Your instructions - Repeat the listing exactly as given, omitting every image.

Data extract -
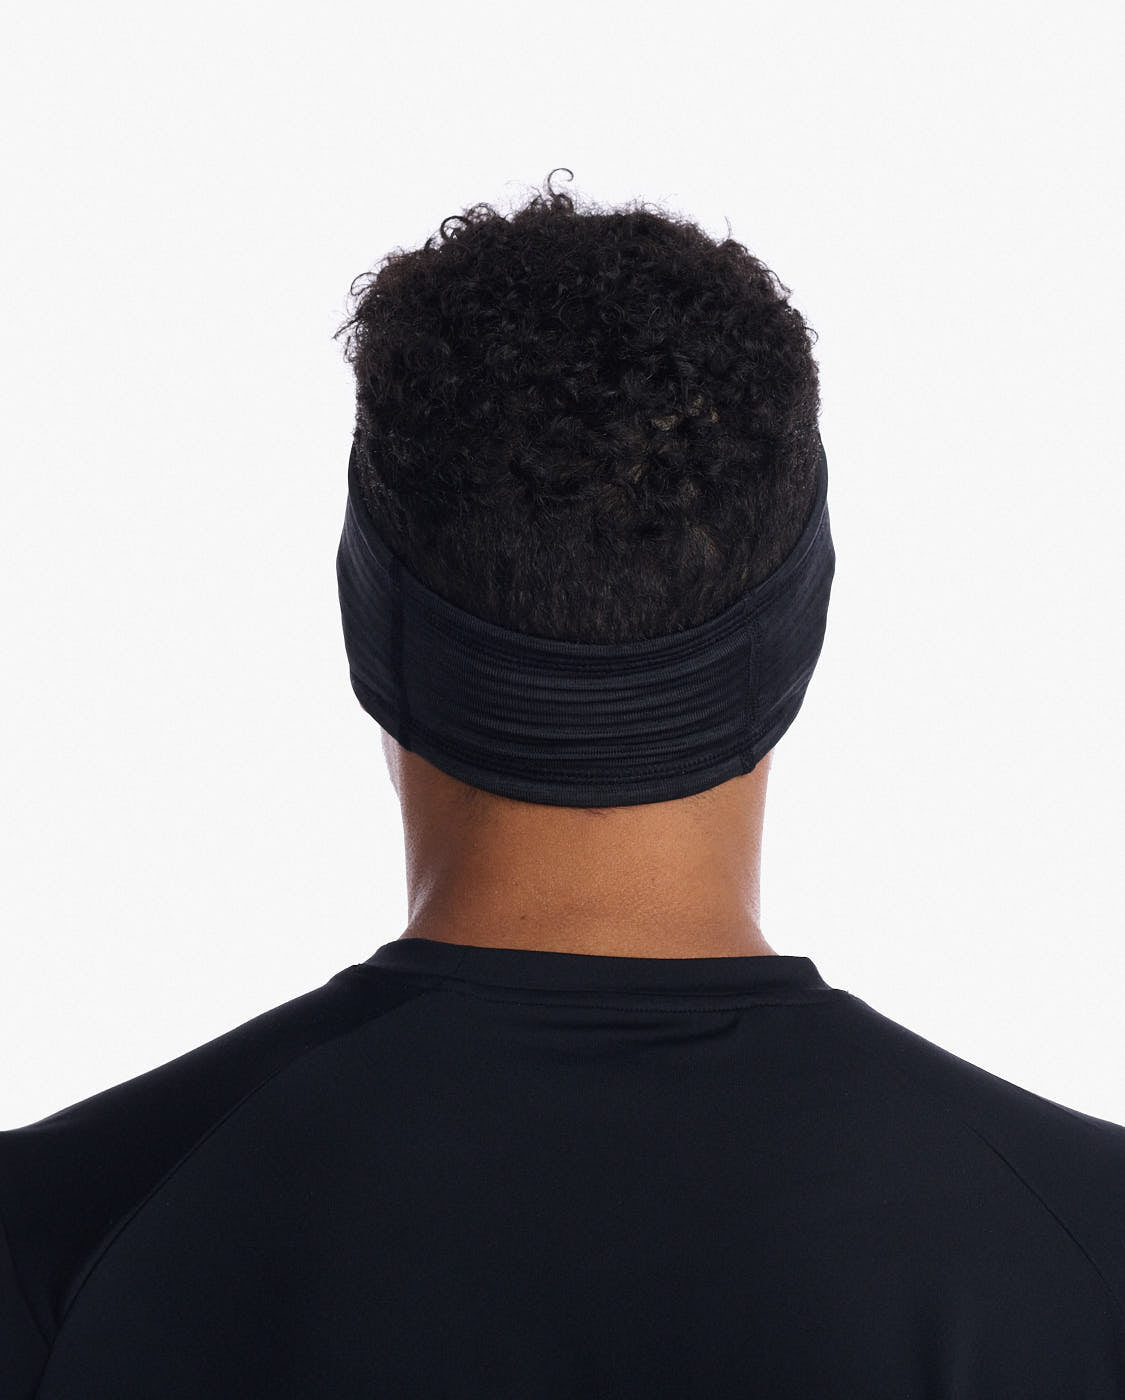 Ignition Headband, Black/Silver Reflective
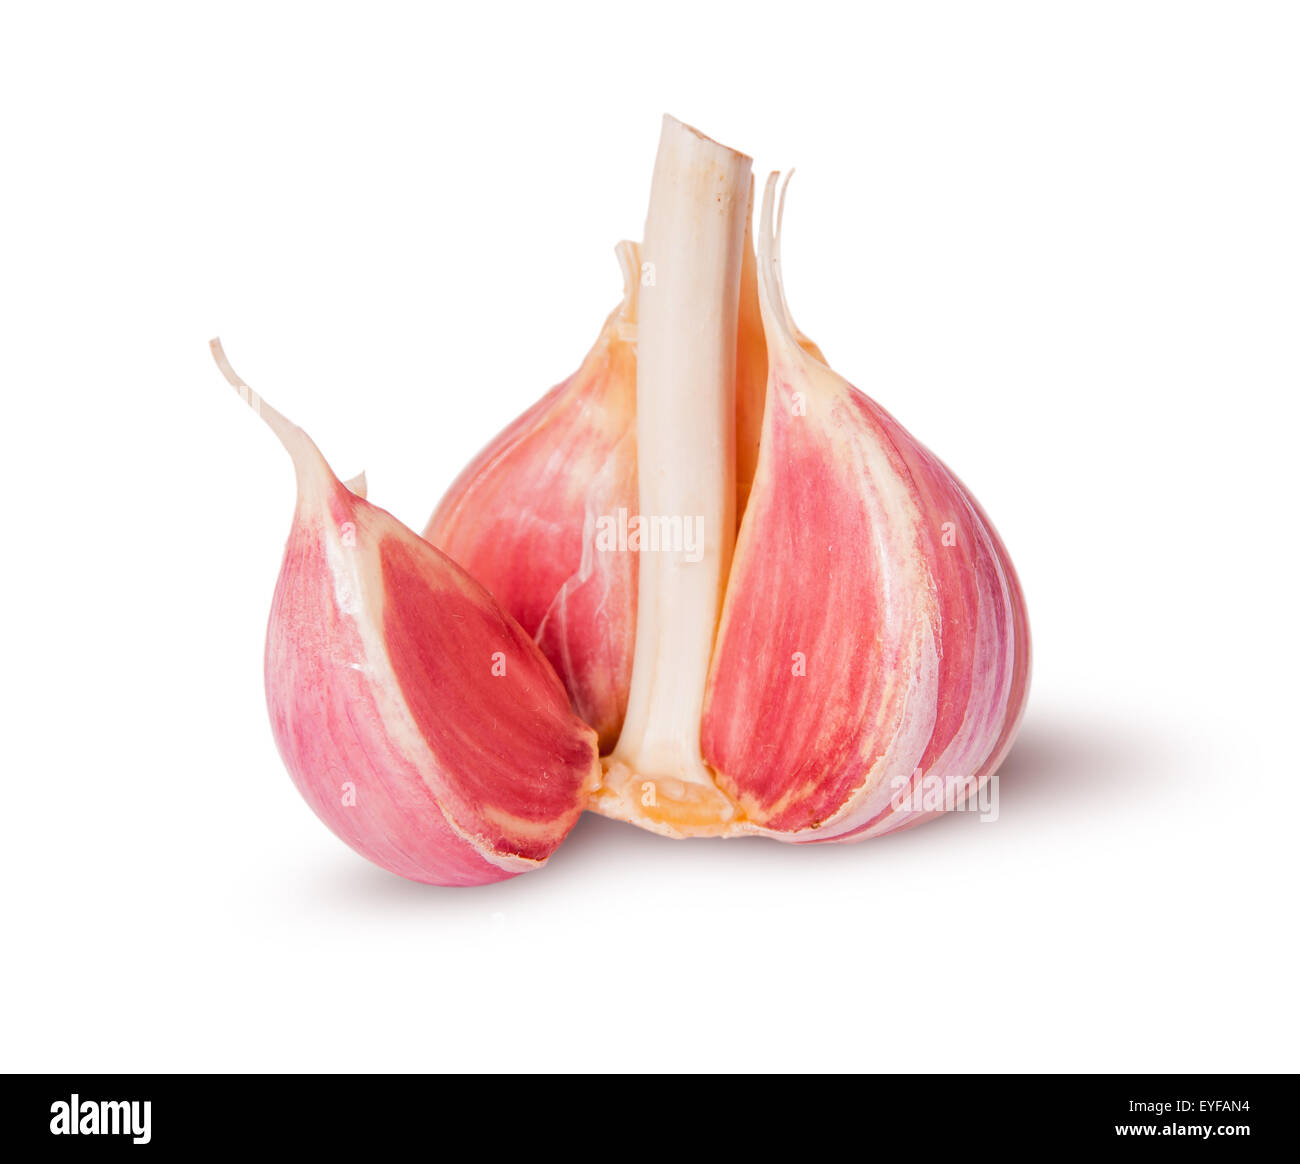 Young fresh garlic isolated on white background Stock Photo
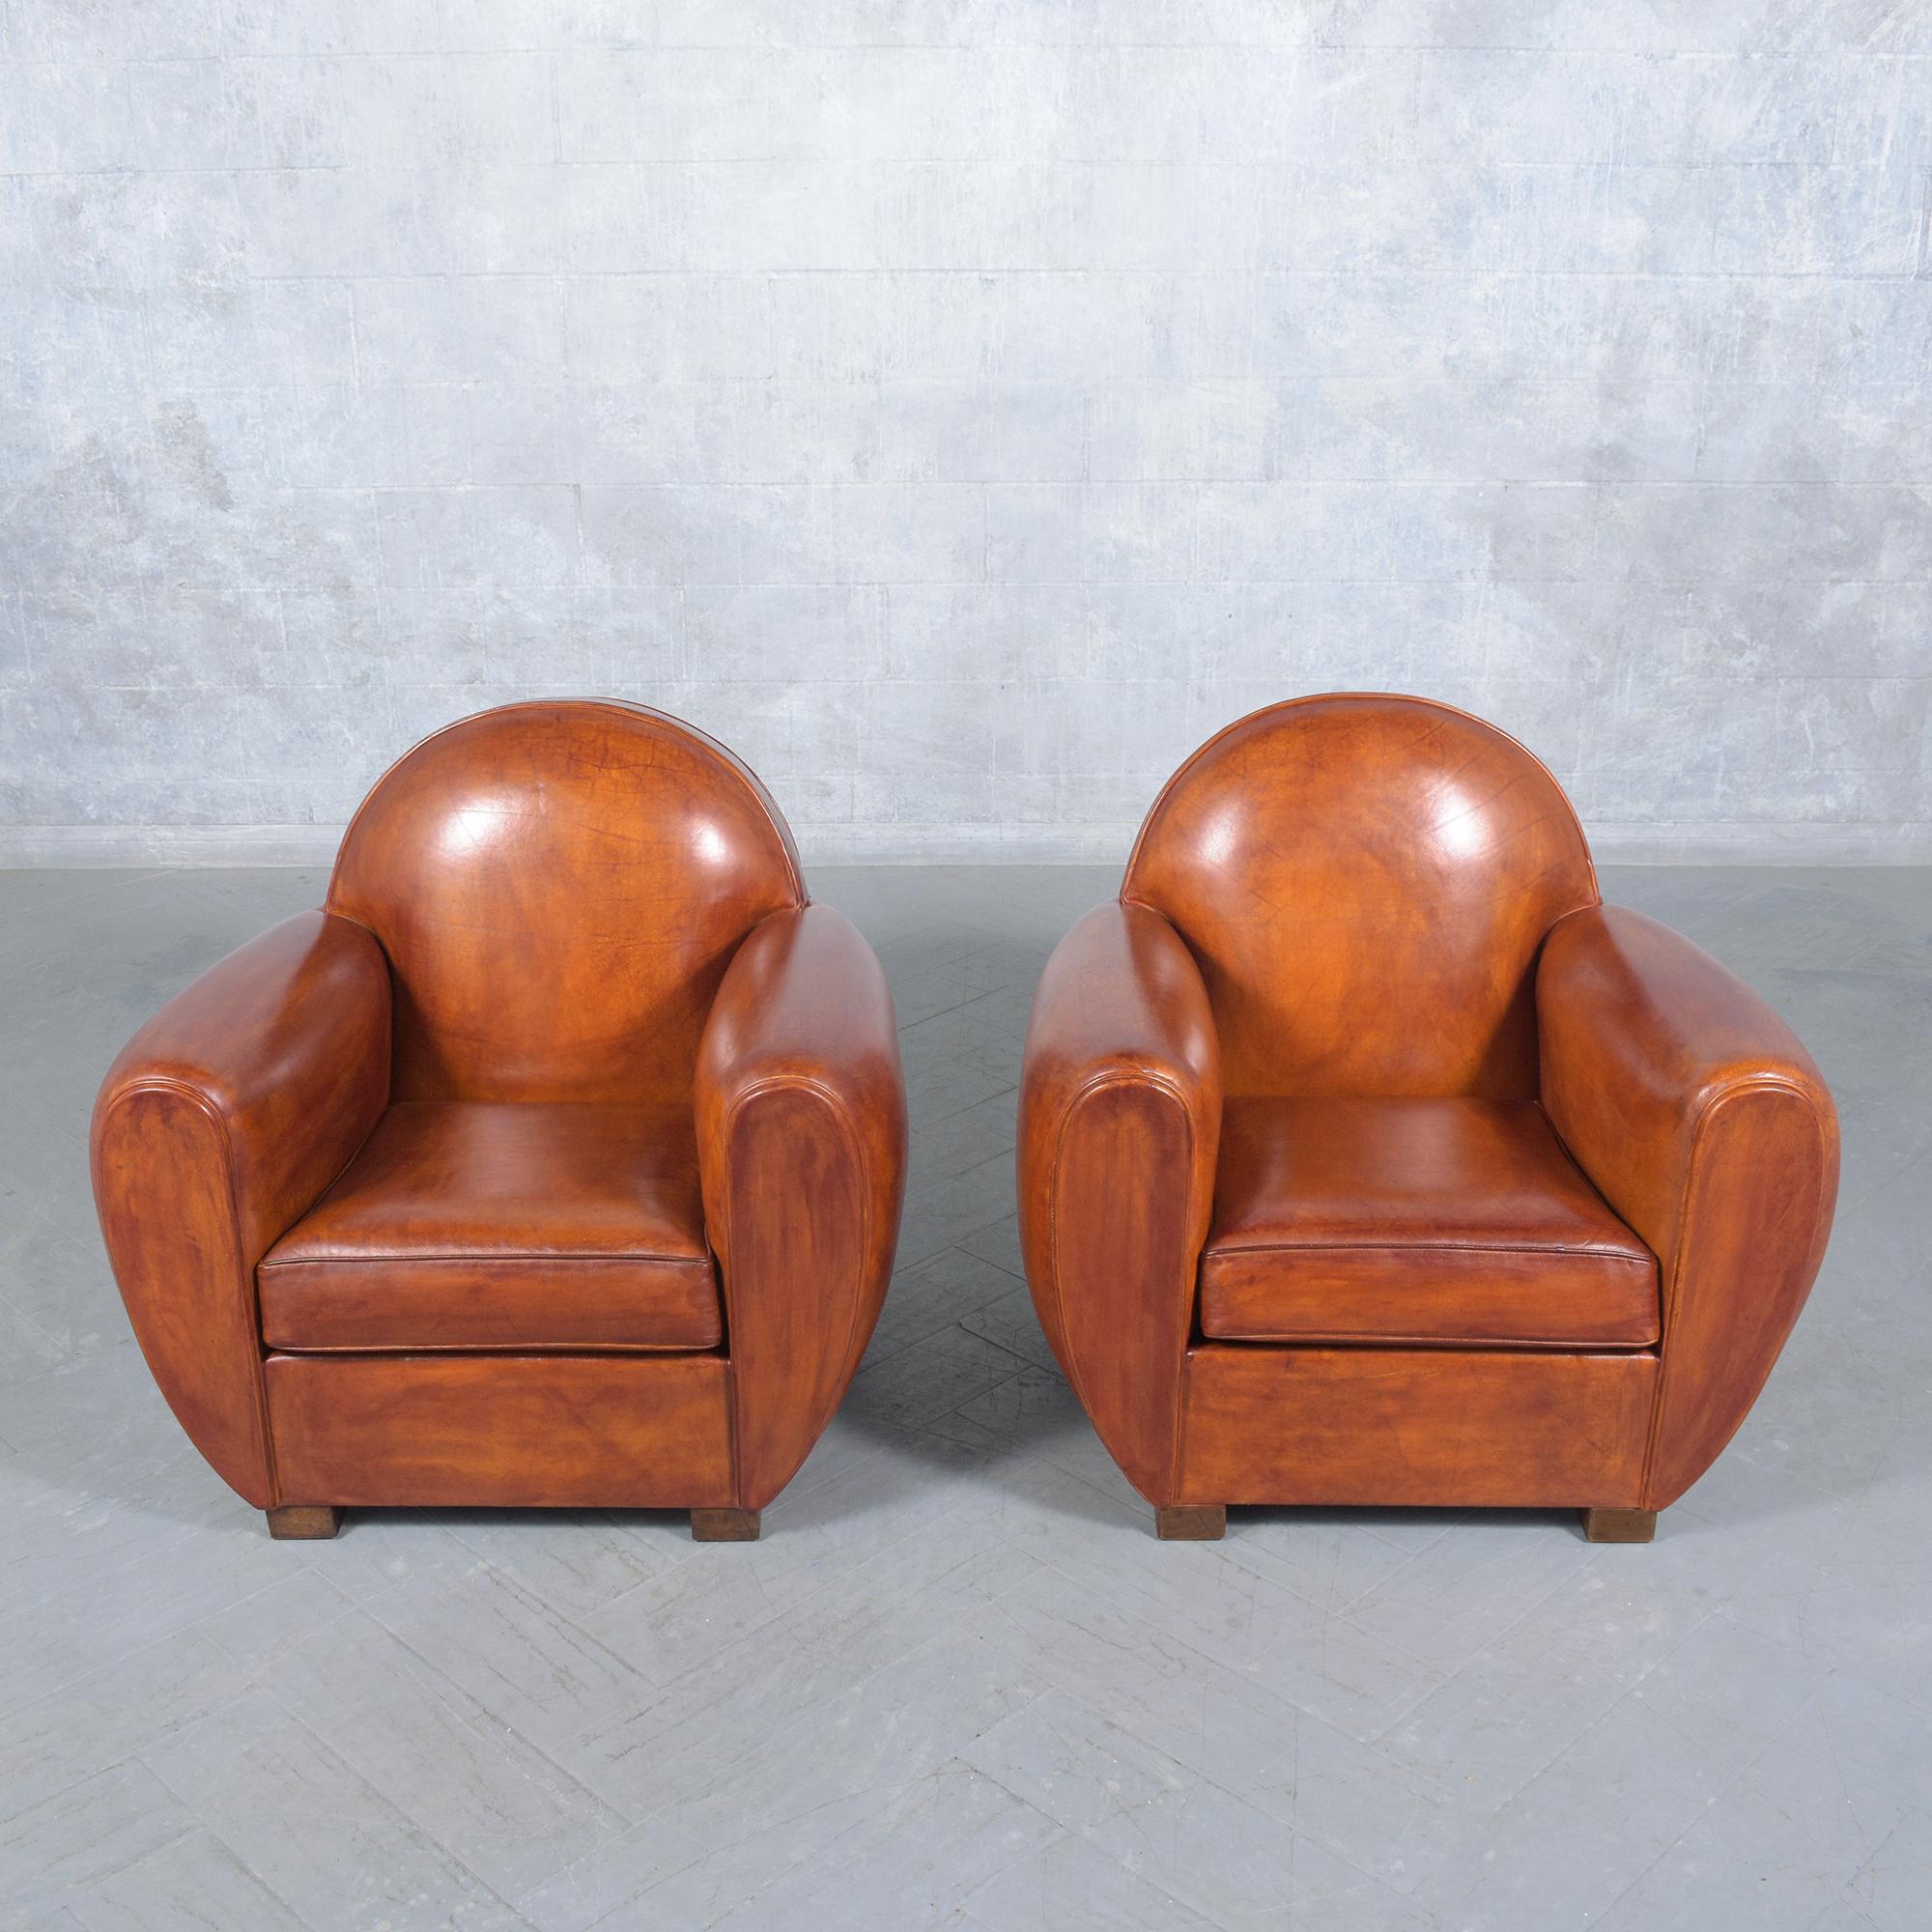 Restored Art Deco Club Chairs: 1960s French Deco Elegance 1

Written response -
 Ignition Headband, Black/Silver Reflective
 Young fresh garlic isolated on white background Stock Photo
 Restored Art Deco Club Chairs: 1960s French Deco Elegance 1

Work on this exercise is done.